Dangerous Creatures by Kami Garcia

  I closed my eyes against the blackness. There were sounds—the stairs creaking, furniture scraping against the floor, muffled voices—and one thought replaying over and over in my mind.

  What if she didn’t come back?

  Too terrified to see if I could get out from the inside, I kept my hand on the wood. I listened to my ragged breathing, convinced that whoever was in the house could hear it, too.

  Eventually, the wood gave beneath my palm and a thin stream of light flooded the space. My mom reached for me, promising the intruders had fled. As she carried me out of her closet, I couldn’t hear anything beyond the pounding of my heart, and I couldn’t think about anything except the crushing weight of the dark.

  I was only five when it happened, but I still remembered every minute in the crawl space. It made the air around me now feel suffocating. Part of me wanted to go home, with or without my cat.

  “Elvis, get out here!”

  Something shifted between the chipped headstones in front of me.


  A silhouette emerged from behind a stone cross.

  I jumped, a tiny gasp escaping my lips. “Sorry.” My voice wavered. “I’m looking for my cat.”

  The stranger didn’t say a word.

  Sounds intensified at a dizzying rate—branches breaking, leaves rustling, my pulse throbbing. I thought about the hundreds of unsolved crime shows I’d watched with my mom that began exactly like this—a girl standing alone somewhere she shouldn’t be, staring at the guy who was about to attack her.

  I stepped back, thick mud pushing up around my ankles like a hand rooting me to the spot.

  Please don’t hurt me.

  The wind cut through the graveyard, lifting tangles of long hair off the stranger’s shoulders and the thin fabric of a white dress from her legs.

  Her legs.

  Relief washed over me. “Have you seen a gray and white Siamese cat? I’m going to kill him when I find him.”

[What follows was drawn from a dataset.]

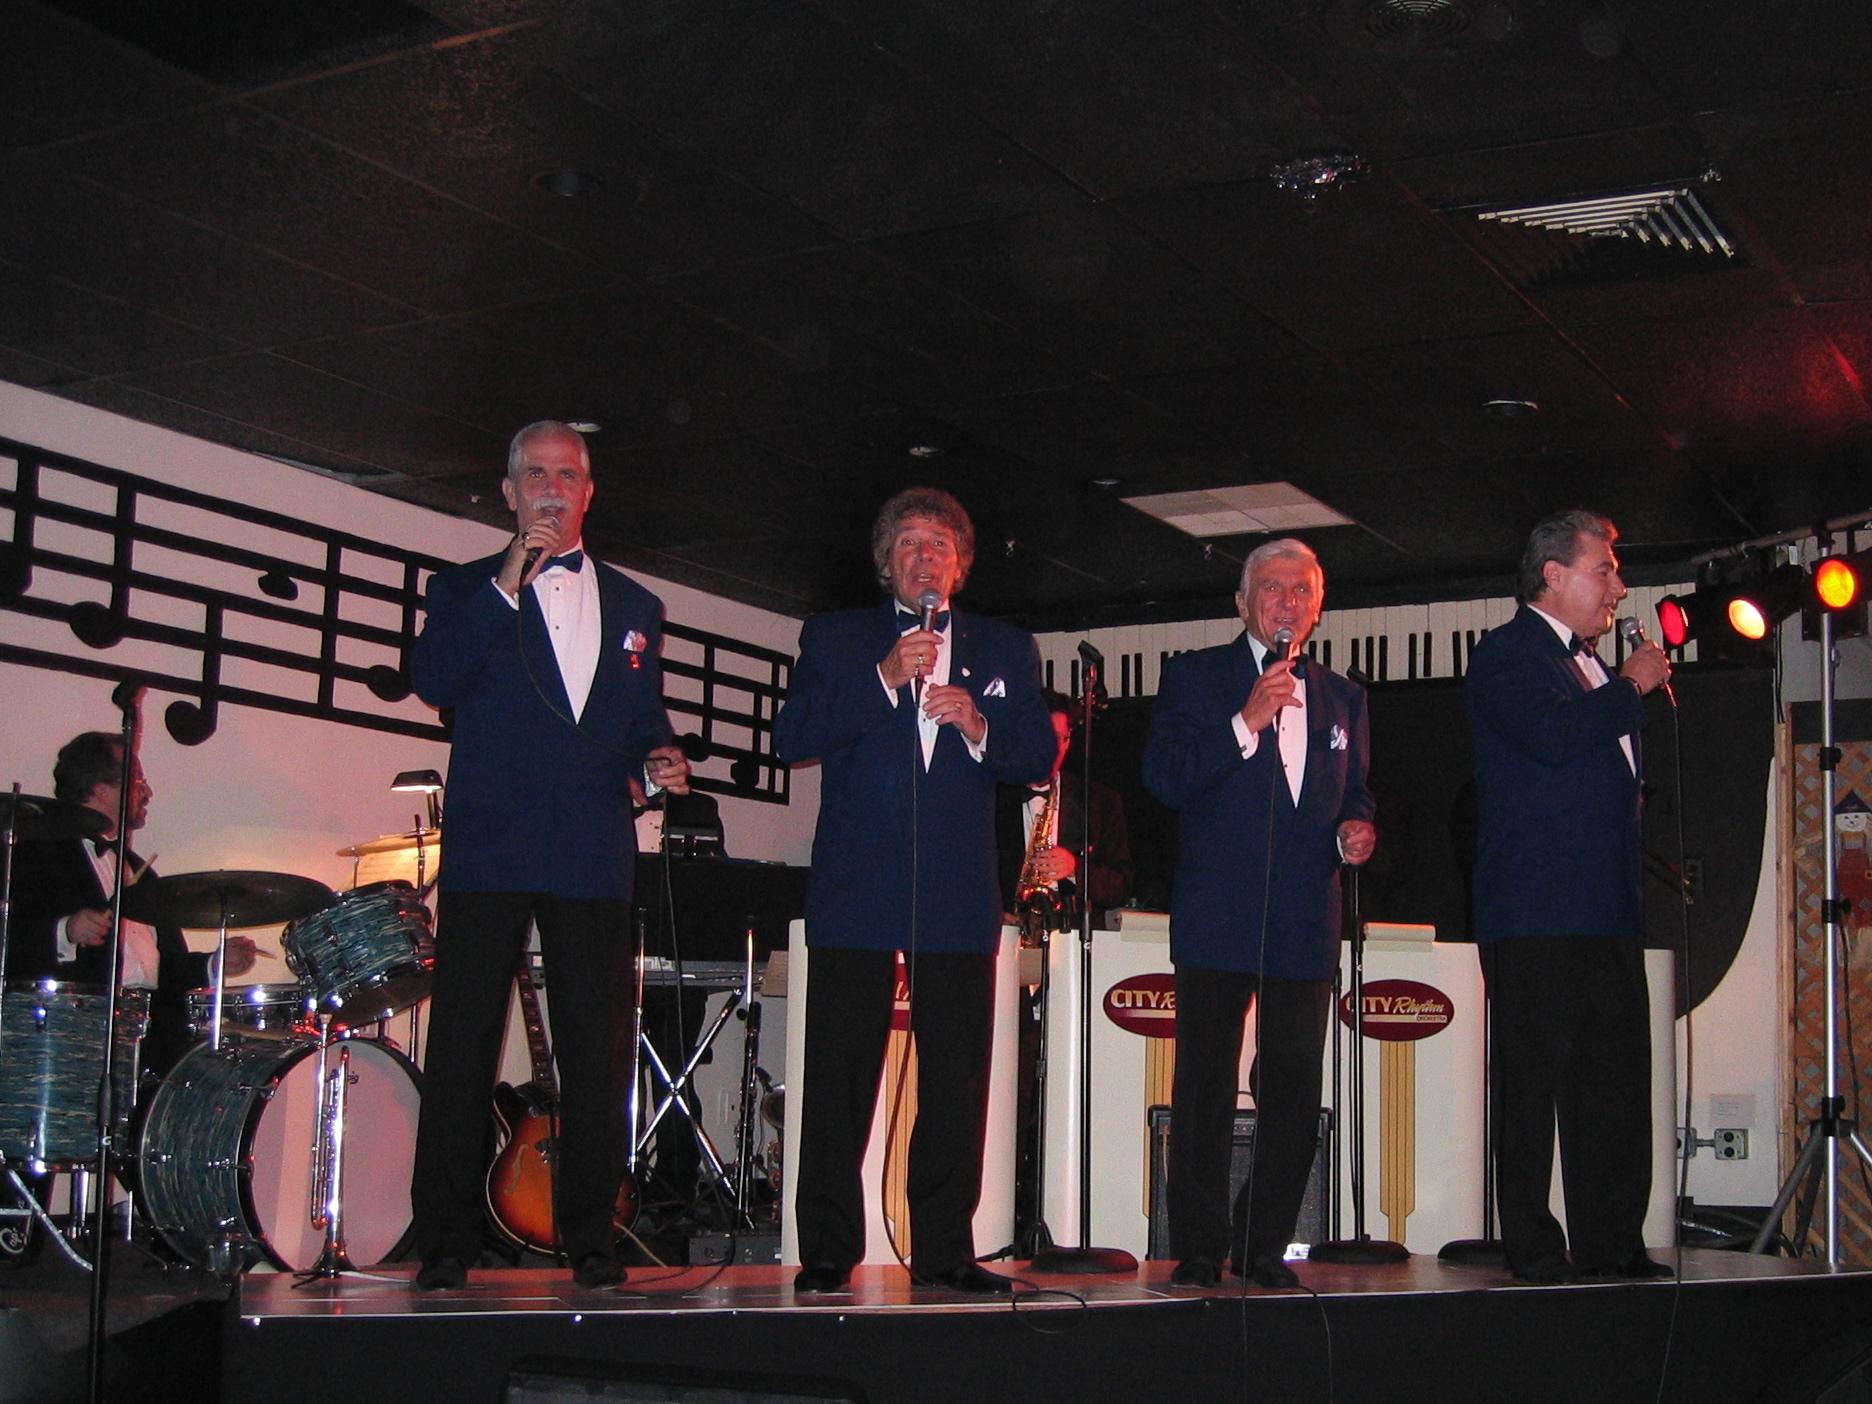 The Four Aces Show

  Her dress caught the moonlight, and I realized it wasn’t a dress at all. She was wearing a nightgown. Who wandered around a cemetery in their nightgown?

  Someone crazy.

  Or someone sleepwalking.

  You aren’t supposed to wake a sleepwalker, but I couldn’t leave her out here alone at night either.

  “Hey? Can you hear me?”

  The girl didn’t move, gazing at me as if she could see my features in the darkness. An empty feeling unfolded in the pit of my stomach. I wanted to look at something else—anything but her unnerving stare.

  My eyes drifted down to the base of the cross.

  The girl’s feet were as bare as mine, and it looked like they weren’t touching the ground.

  I blinked hard, unwilling to consider the other possibility. It had to be an effect of the moonlight and the shadows. I glanced at my own feet, caked in mud, and back to hers.

  They were pale and spotless.

  A flash of white fur darted in front of her and rushed toward me.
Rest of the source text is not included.